Presurgical mild anemia is a risk factor for severe postoperative complications of rectal cancer surgery: A Japanese nationwide retrospective cohort study

Ann Gastroenterol Surg. 2024 Jan 10;8(3):471-480. doi: 10.1002/ags3.12770. eCollection 2024 May.

Abstract

Background: Anemia has negative effects on long-term outcomes of rectal cancer patients; however, its status as a risk factor for severe complications is disputed. Perioperative risks may differ based on the severity of pre-surgical anemia; nonetheless, no previous study has investigated these differences. This study identified risks of severe postoperative complications in rectal cancer patients based on severity of their pre-surgical anemia.

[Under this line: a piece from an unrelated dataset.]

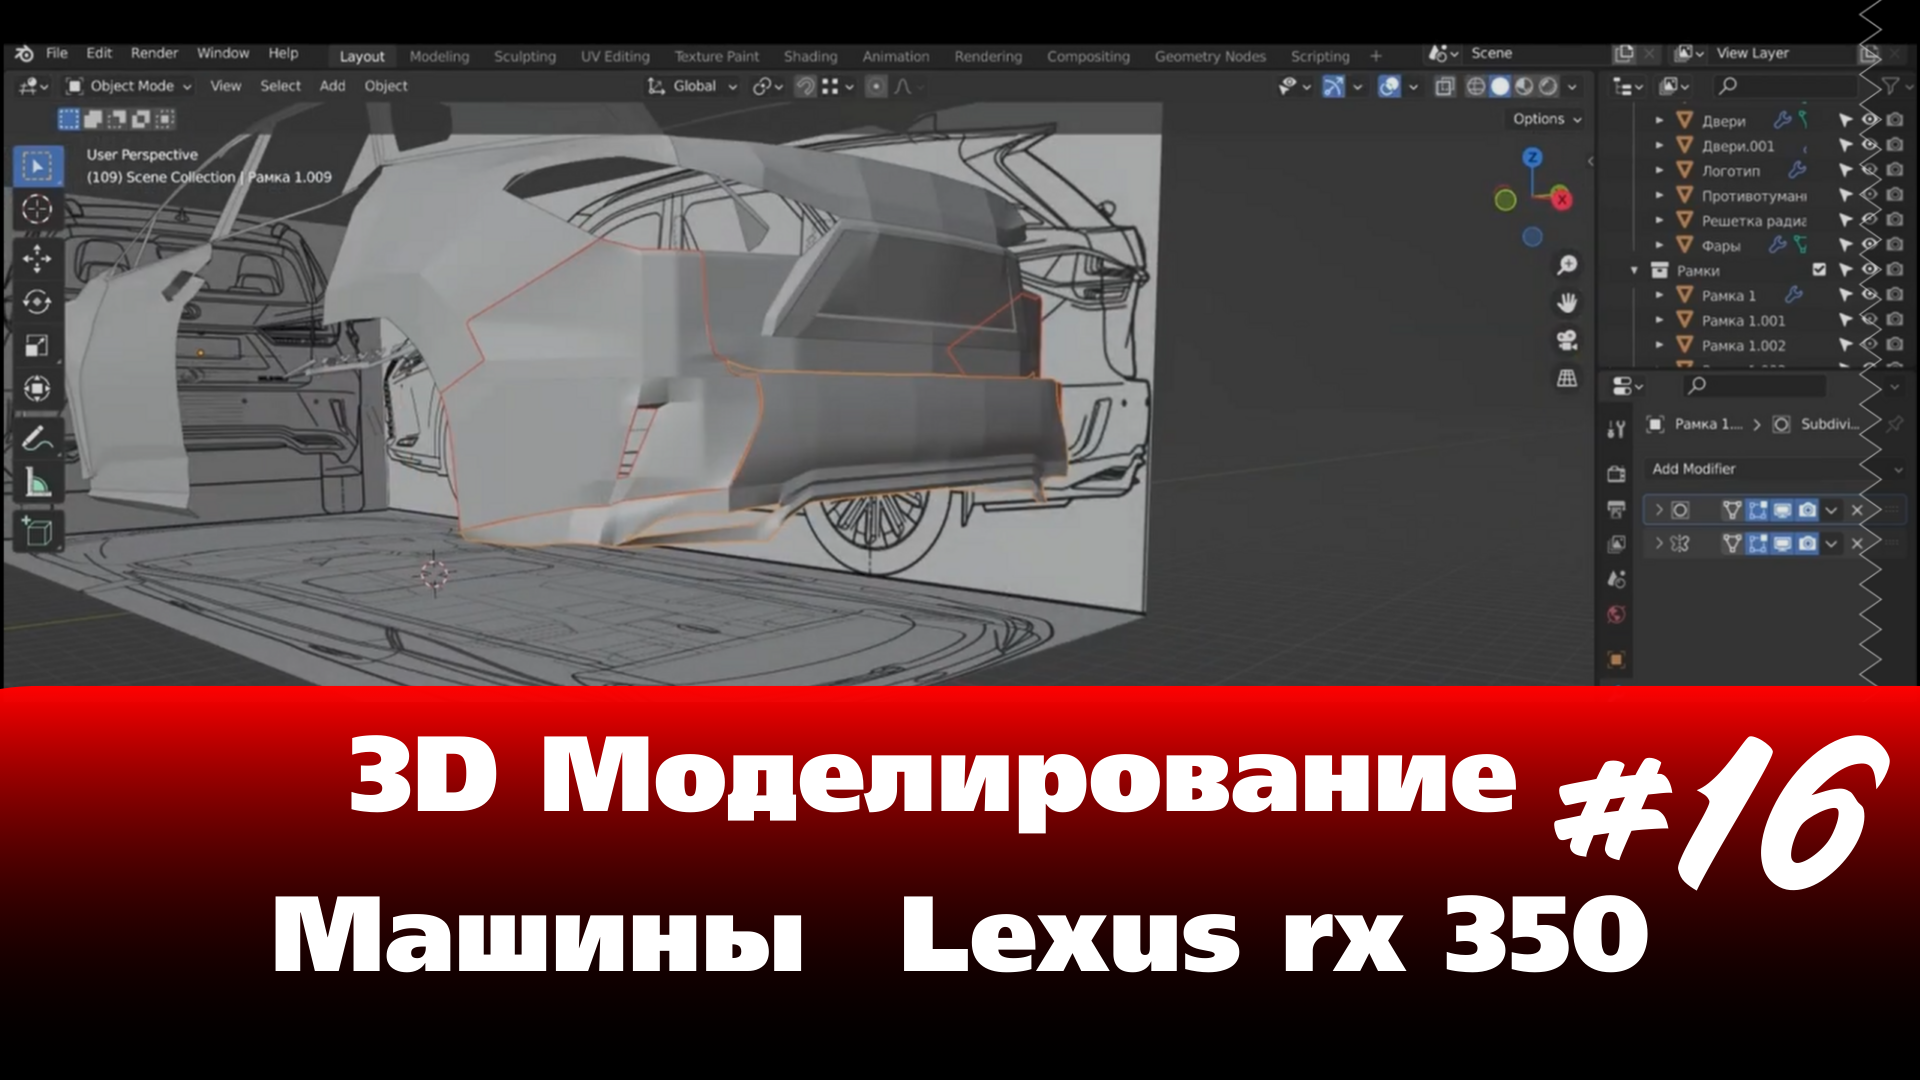 3D Моделирование Машины в Blender - Lexus rx 350 часть 16 #blender

Materials and methods: This study enrolled patients who underwent low anterior resection for rectal cancer and were registered in the Japanese National Clinical Database (NCD) between 2017 and 2019. Anemia severity was categorized into three levels: mild, moderate, and severe. A logistic regression model was applied to calculate the risk-adjusted odds ratio (OR) of severe complications after surgery.

Results: This study analyzed a cohort of 51 765 rectal cancer patients who underwent low anterior resection. Results showed that severe complications occurred in 10.9% of patients and were significantly more frequent in patients with anemia (13.6%) than those with normal hemoglobin levels (9.2%). Risk-adjusted ORs of severe complications in the severe, moderate, and mild anemia groups versus the normal group for males were 1.19 (95% confidence interval [CI]: 0.89-1.58), 1.47 (1.34-1.62), and 1.21 (1.12-1.31), respectively. Those for females were 1.39 (0.90-2.15), 1.64 (1.37-1.97), and 1.36 (1.16-1.58), respectively.

Conclusions: According to this large cohort study, pre-surgical anemia significantly increases the risk of severe postoperative complications in rectal cancer patients. Even mild anemia presents a significant risk.

Keywords: anastomotic leakage; anemia; comorbidity; rectal cancer; surgical site infection.